Some interesting performance trends already visible in the current powers-of-2-only binary (Adding non-power-of-2 support is pretty quick at this point since it shares ~90% of the power-of-2 FFT-code infrastructure, merely requiring implementation of odd-radix DFT macros for radices 3,5,7,9,11,13,15, only the two composite ones of which require separate DIF and DIT version of said macros). A key performance-related parameter relates to the leading radix, used for the initial fFFT pass and final iFFT pass, let's call said radix R. Say I'm doing a length-N FFT. Once I do that initial radix-R pass which accesses stride-N/R-sperarated sets of data, the subsequent passes of the fFFT, the dyadic-mul step and the iFFT passes all the way up to the final radix-R iFFT one, all those operate on R disjoint chunks of N/R data each, which naturally are assigned to separate threads in a multithreaded run. The size of these disjoint chunks is thus key in terms of getting good cache performance - we want each such chunk to fit into L2, typically with some room to spare. Thus at any given FFT length we typically see a "sweet spot" leading radix R - make R smaller and the resulting larger data chunks start to spill out of L2, make R too large and the overhead of handling many small chunks begins to dominate the runtime.

A typical example on the ARM is provided by various radix combos at 4096K FFT, where the sweet spot is at R = 256, which yields an N/R-chunksize of ~32MB/256 = 128 kB. Let's compare 100 iterations using leading radices 128 and 256 here, for 1 and 4-threads:

R 1-thr 4-thr
128 70 sec 24 sec
256 64 sec 23 sec

i.e.

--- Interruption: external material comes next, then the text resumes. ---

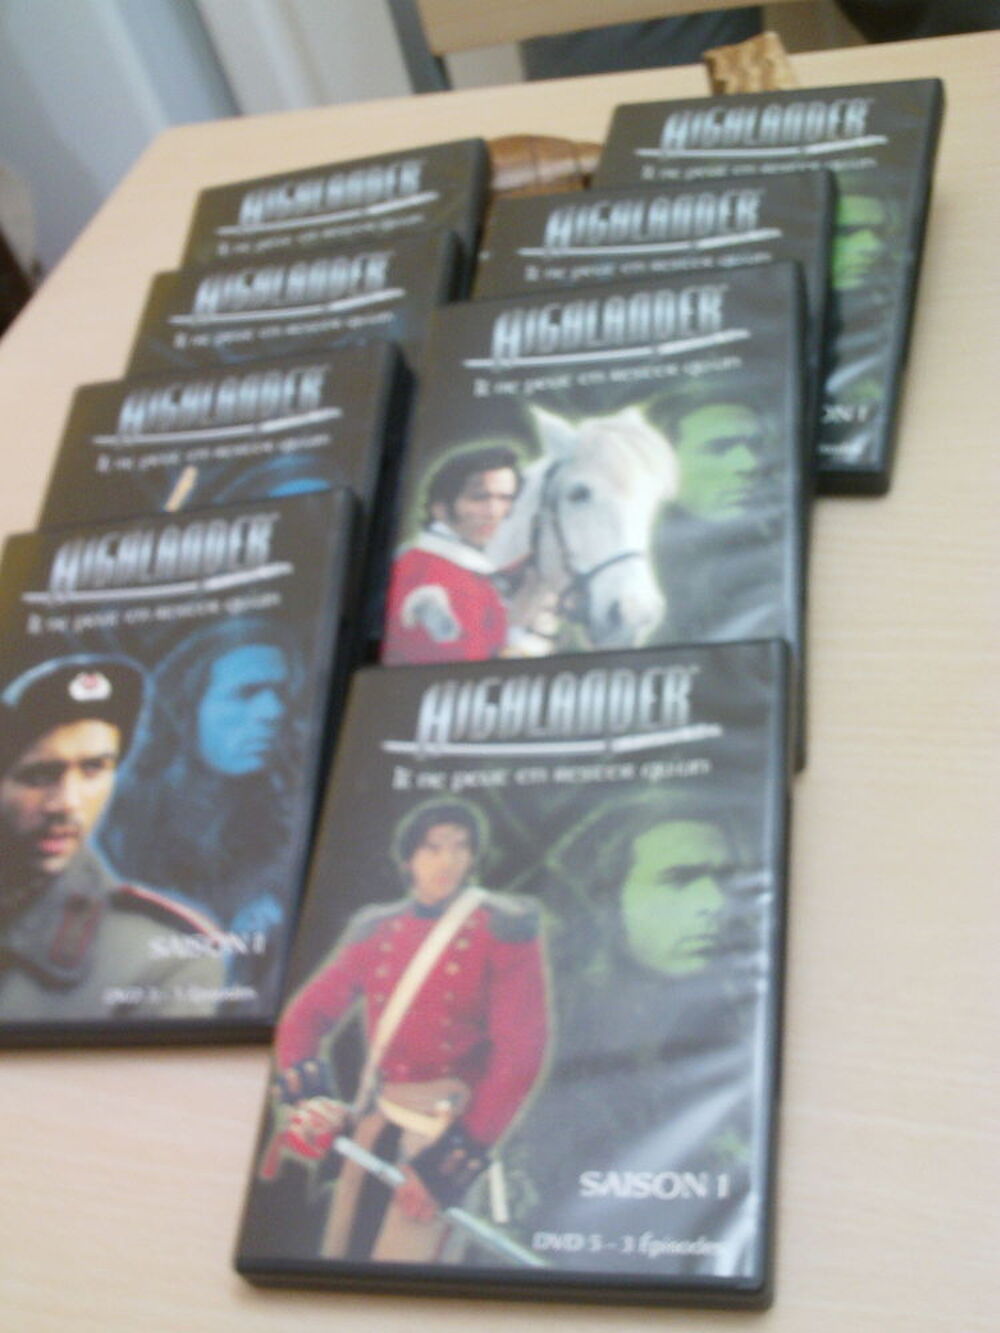  S&eacute;rie ancienne Highlander 2 coffrets de 4 DVD N&deg;977 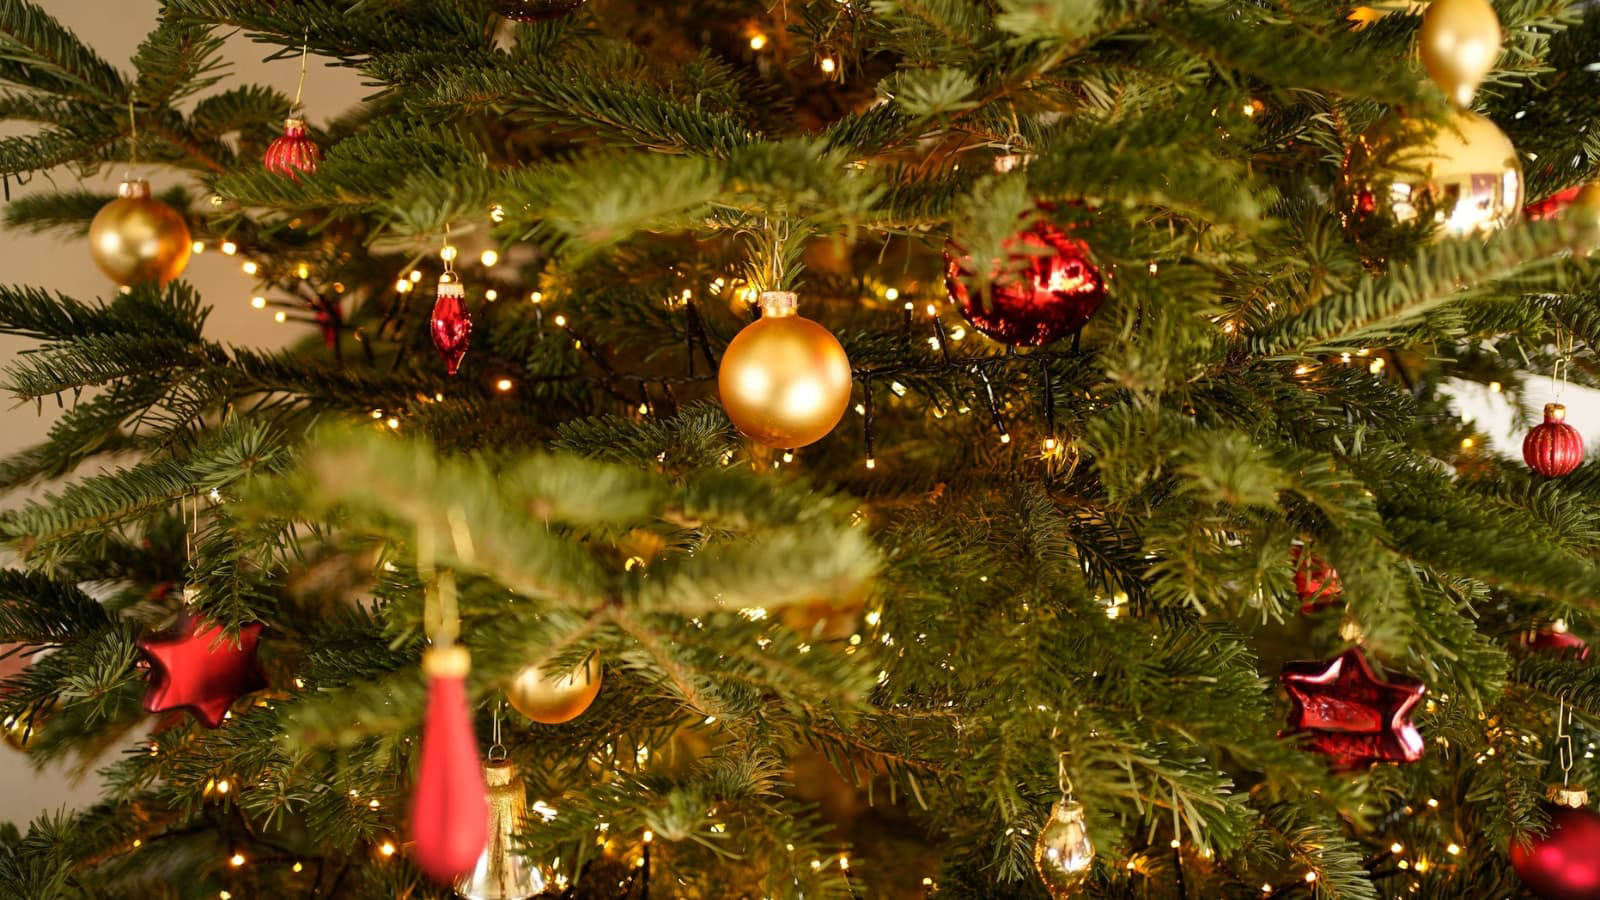 Noël passé, voici comment jeter proprement son sapin en Dracénie - Var-Matin

R = 256 gives a 10% speedupp over R = 128 in single-thread mode, but the advantage drops to just 4% when running 4-threaded. (The eagle-eyed follower of this thread may compare these timings to those I gave for my initial scalar-double C-code build in [url=http://mersenneforum.org/showpost.php?p=461934&postcount=80]post 80[/url] and note that e.g. the above 64/23 sec for 1/4-thread represent only ~1.5x speedup over the non-SIMD build - like I said, underwhelming.) Two possibilities immediately come to mind to explain the 4-thread behavior: memory bandwidth (i.e. the RAM can't keep all 4 cores fed) and thermal throttling (the C2 has no cooling fan, just a small heatsink). Is there a way to see if the latter is occurring, and if so, to what degree? I know there are temp-monitoring packages for various linux distros, but those require the OS to play nice with the underlying CPU and motherboard hardware.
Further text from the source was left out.